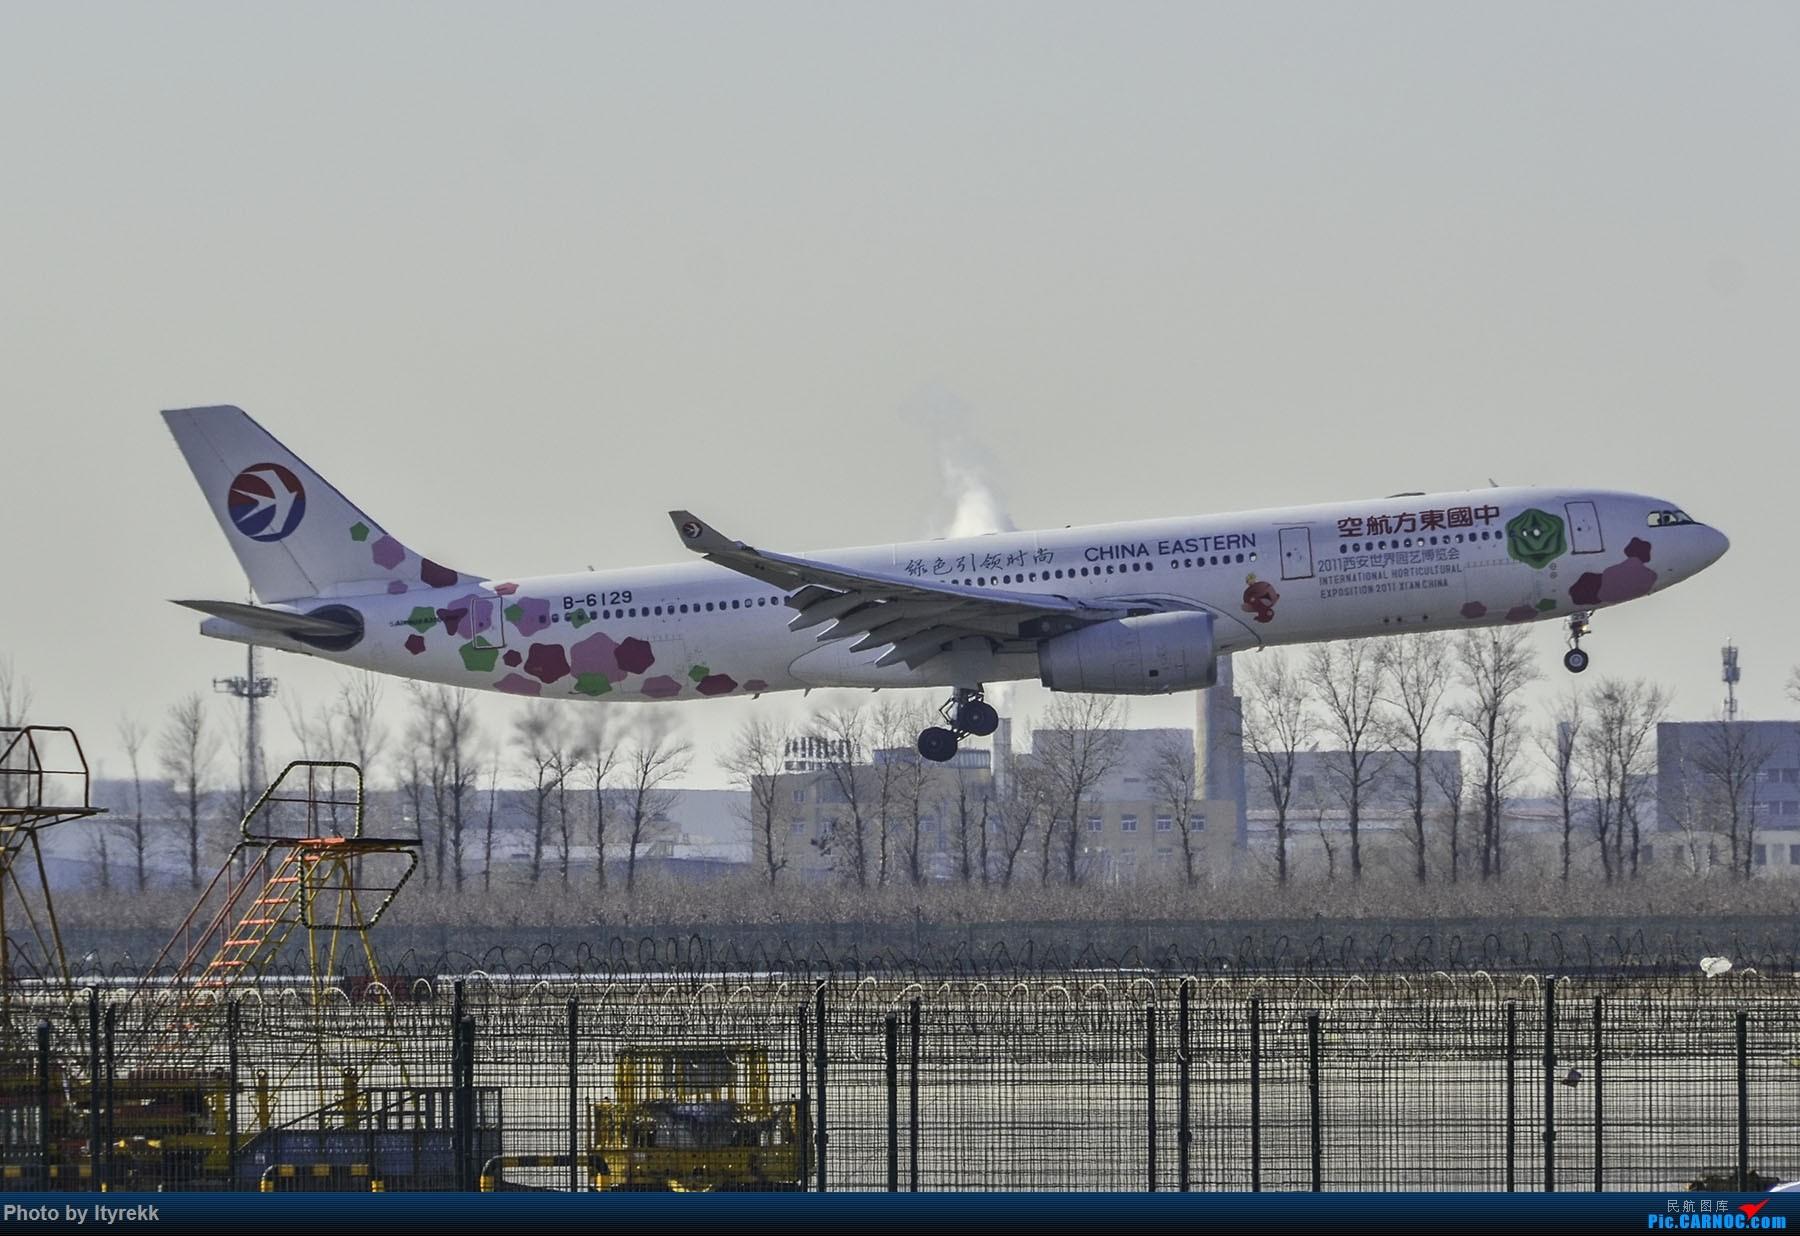 Re:[原创]PEK一日游 收获厦航首架789 B-1566等 AIRBUS A330-300 B-6129 中国北京首都国际机场
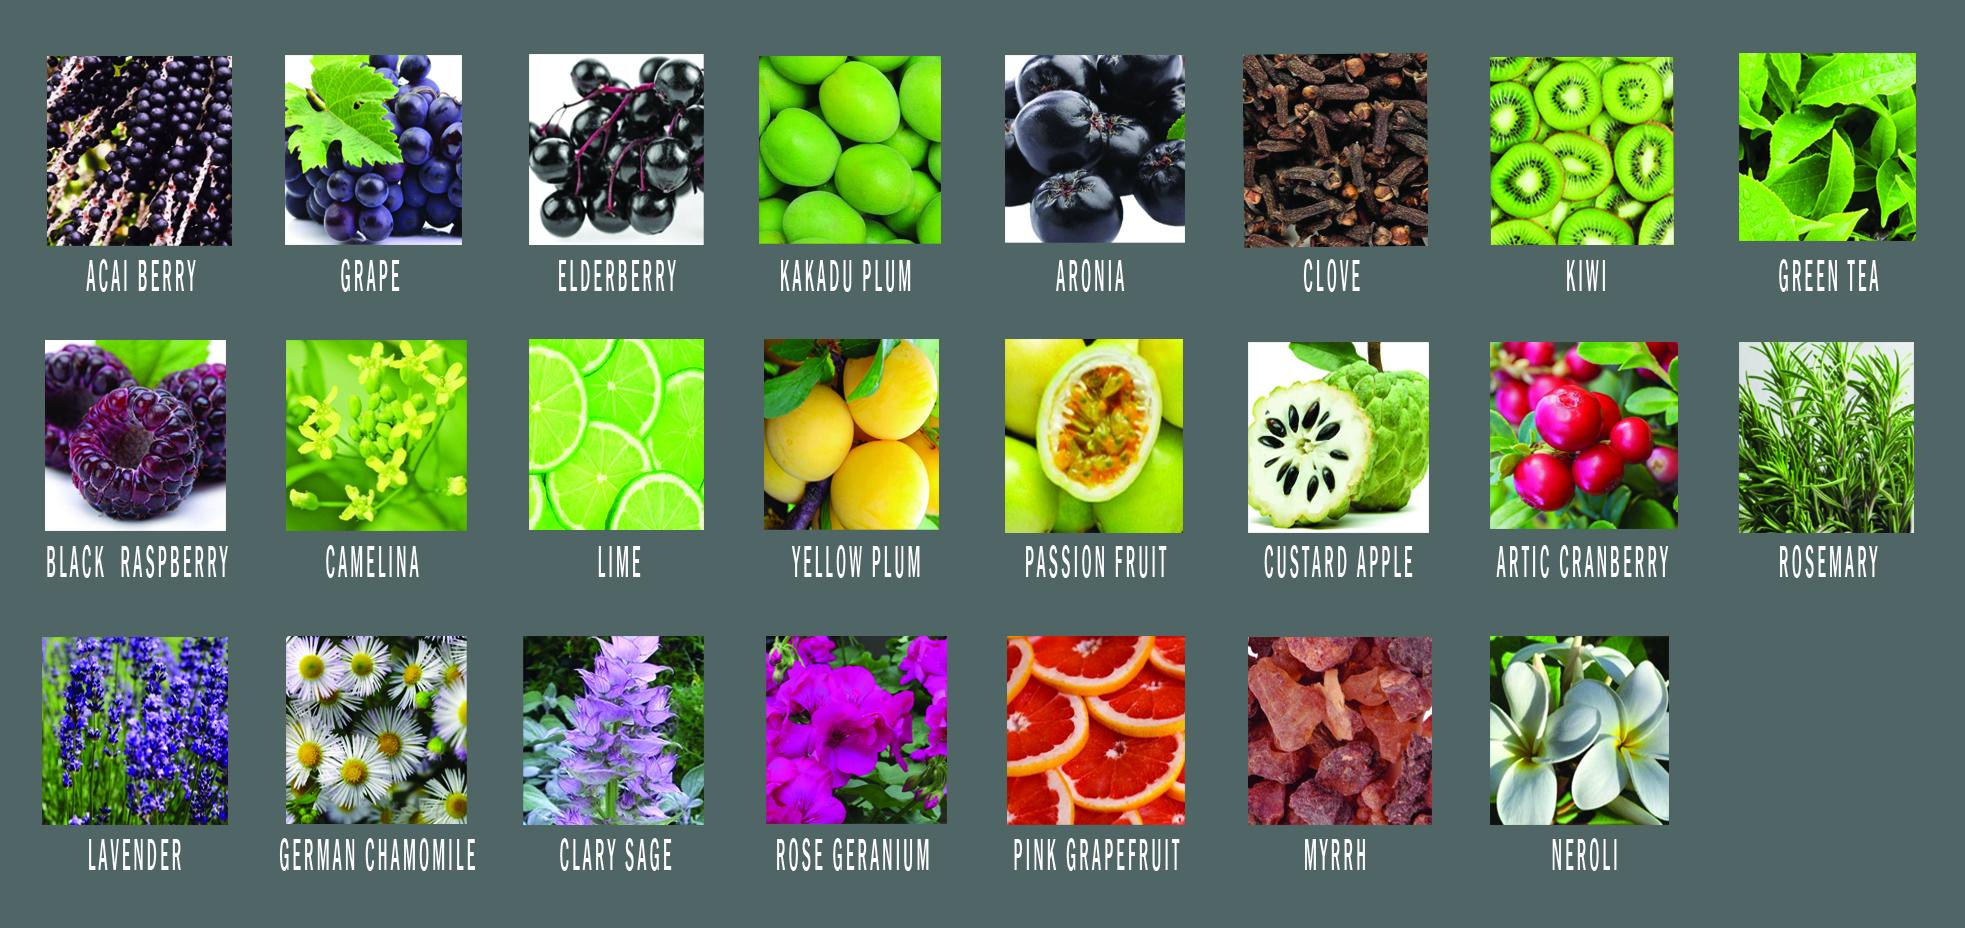 gourmet-skin-brightening-oil-ingredients-flat.jpg
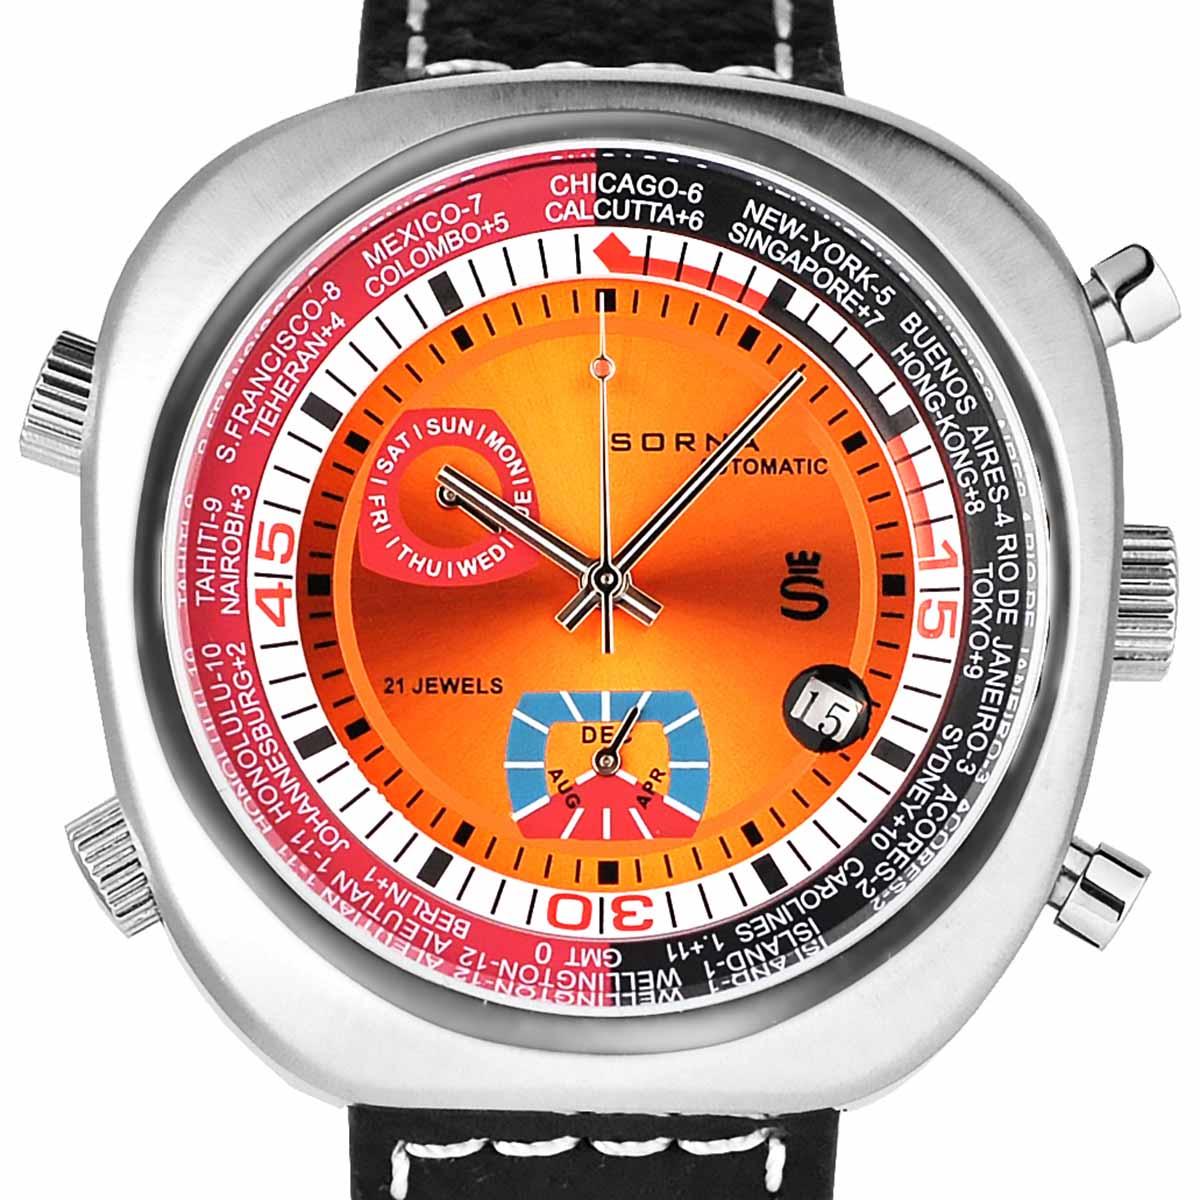 【残り1点】SORNA ソルナ 自動巻き(手巻き機能あり) 腕時計 [T23766-ORANGE] 並行輸入品 カレンダー GMT(ワールドタイム)

* PROBLEM DETAILS: In the data above, find the line containing "gourmet-skin-brightening-oil-ingredients-flat.jpg", then output it and every later line exactly, without the pictures.

* RESPONSE TO THE TASK:
 gourmet-skin-brightening-oil-ingredients-flat.jpg
 【残り1点】SORNA ソルナ 自動巻き(手巻き機能あり) 腕時計 [T23766-ORANGE] 並行輸入品 カレンダー GMT(ワールドタイム)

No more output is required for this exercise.